I have a RCA DVR40 that I upgraded to a Seagate 160GB drive using the mfsbackup/restore command to expand the drive. I Zippered is with a version I downloaded in December. This tivo is working as expected. I believe I also selected the option to reboot with CRON.


----------



## chippyt (Jan 17, 2002)

As you read, I was having the same problem. I finally decided to uninstall the tweaks, download the newest tweak.sh package and reinstalled. So far, it has worked and is rebooting properly via cron. I have a HDVR2 with the 160GB Hitachi drive that you mentioned. Not sure what caused it because my other HDVR2s were working fine and one of them had the same Hitachi drive.

Good Luck.


----------



## rbautch (Feb 6, 2004)

If you have two tivos, and one is acting strangely, you can also copy the root filesystem from the good one to the bad one with dd. Like this:

dd if=/dev/hda4 of=/dev/hdb4

This will keep your shows. I occasionally use this technique when I'm out of troubleshooting ideas, and the next step is a complete re-image.


----------



## bmgoodman (Dec 20, 2000)

rbautch said:


> If you have two tivos, and one is acting strangely, you can also copy the root filesystem from the good one to the bad one with dd. Like this:
> 
> dd if=/dev/hda4 of=/dev/hdb4
> 
> This will keep your shows. I occasionally use this technique when I'm out of troubleshooting ideas, and the next step is a complete re-image.

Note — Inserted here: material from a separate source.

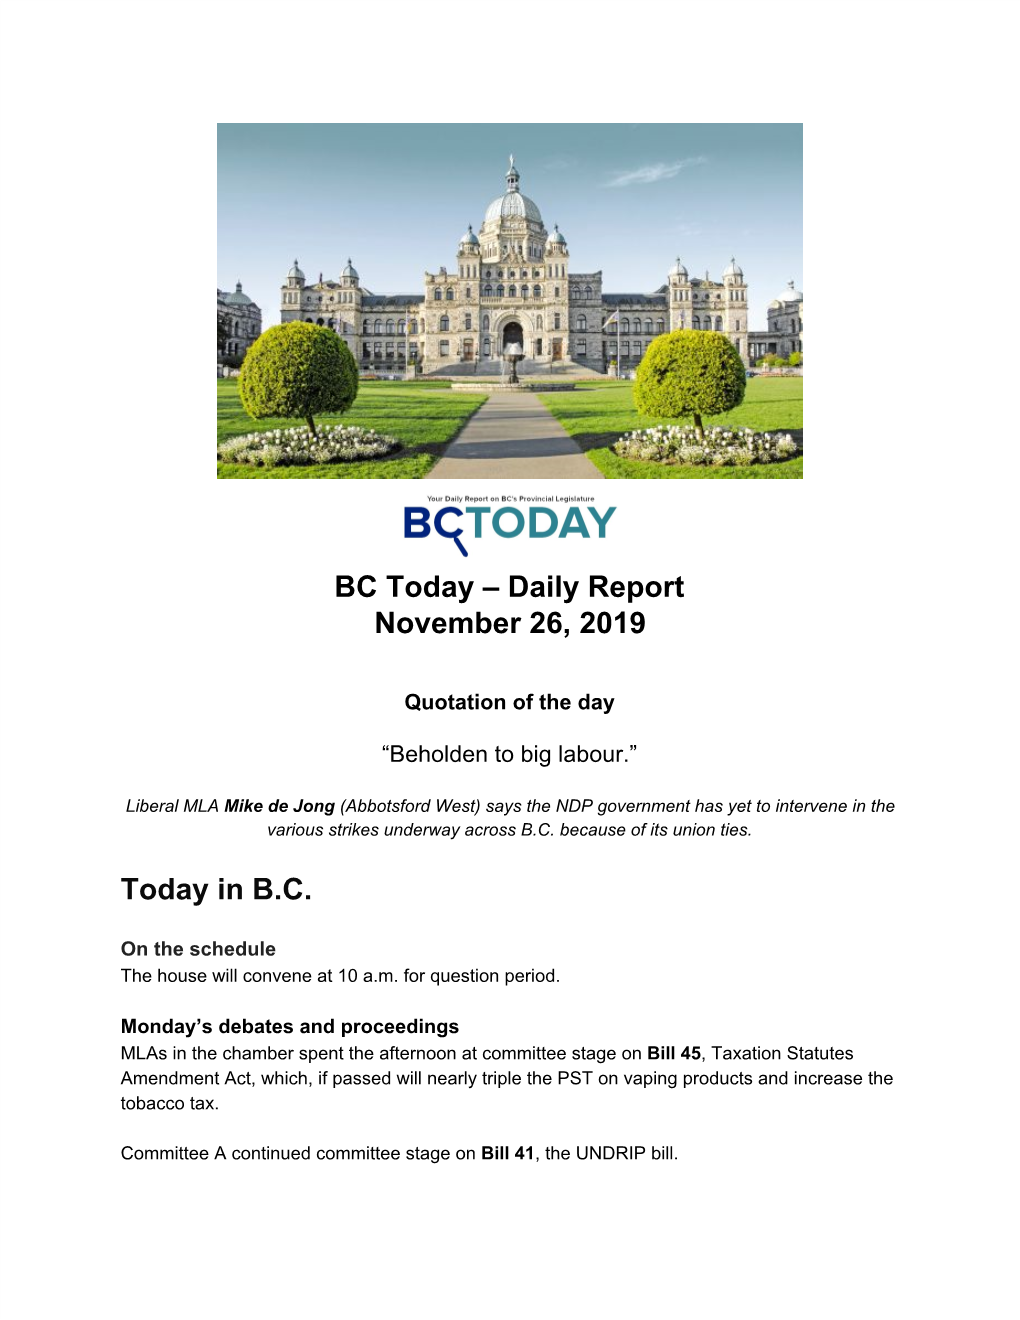 BC Today – Daily Report November 26, 2019 Today

I tried this without success. I now have a boot loop. Should I 'dd' other partitions as well? Thanks.


----------



## Dirac (Oct 18, 2002)

This happens to me too, on only one of my DTiVos. But it only happens sporadically (maybe 25% of the scheduled cron reboots). They're running the same build of the enhancement script. Is there anything I can check?

I see the original post was almost a year ago. That makes me think the enhancements don't have anything to do with the problem.


----------



## JWThiers (Apr 13, 2005)

You might try rerunning tweak to update the enhancements (Might have to run tweak_uninstall first). There has been a lot of tweaks to tweak in the last year. 

Note: I'm not sure of the state of the successes with the HR-10-250's, there seemed to be some issues for a while, but it seems to have slowed down a bit so that might be over. so if you have an HR-10 you might want to check with others before retweaking.


----------



## Dirac (Oct 18, 2002)

My HR10s are hacked manually (and I did a lot of the initial beta work on the Zipper)... no problems there. My non-HD DTiVos are "tweaked". I haven't had the time to keep up with all the revisions over the last 8 months or so.

I'm not sure if I want to mess with the one that works, but maybe I'll try to re-tweak them, and copy the root file system from the "good" one if that doesn't help.


----------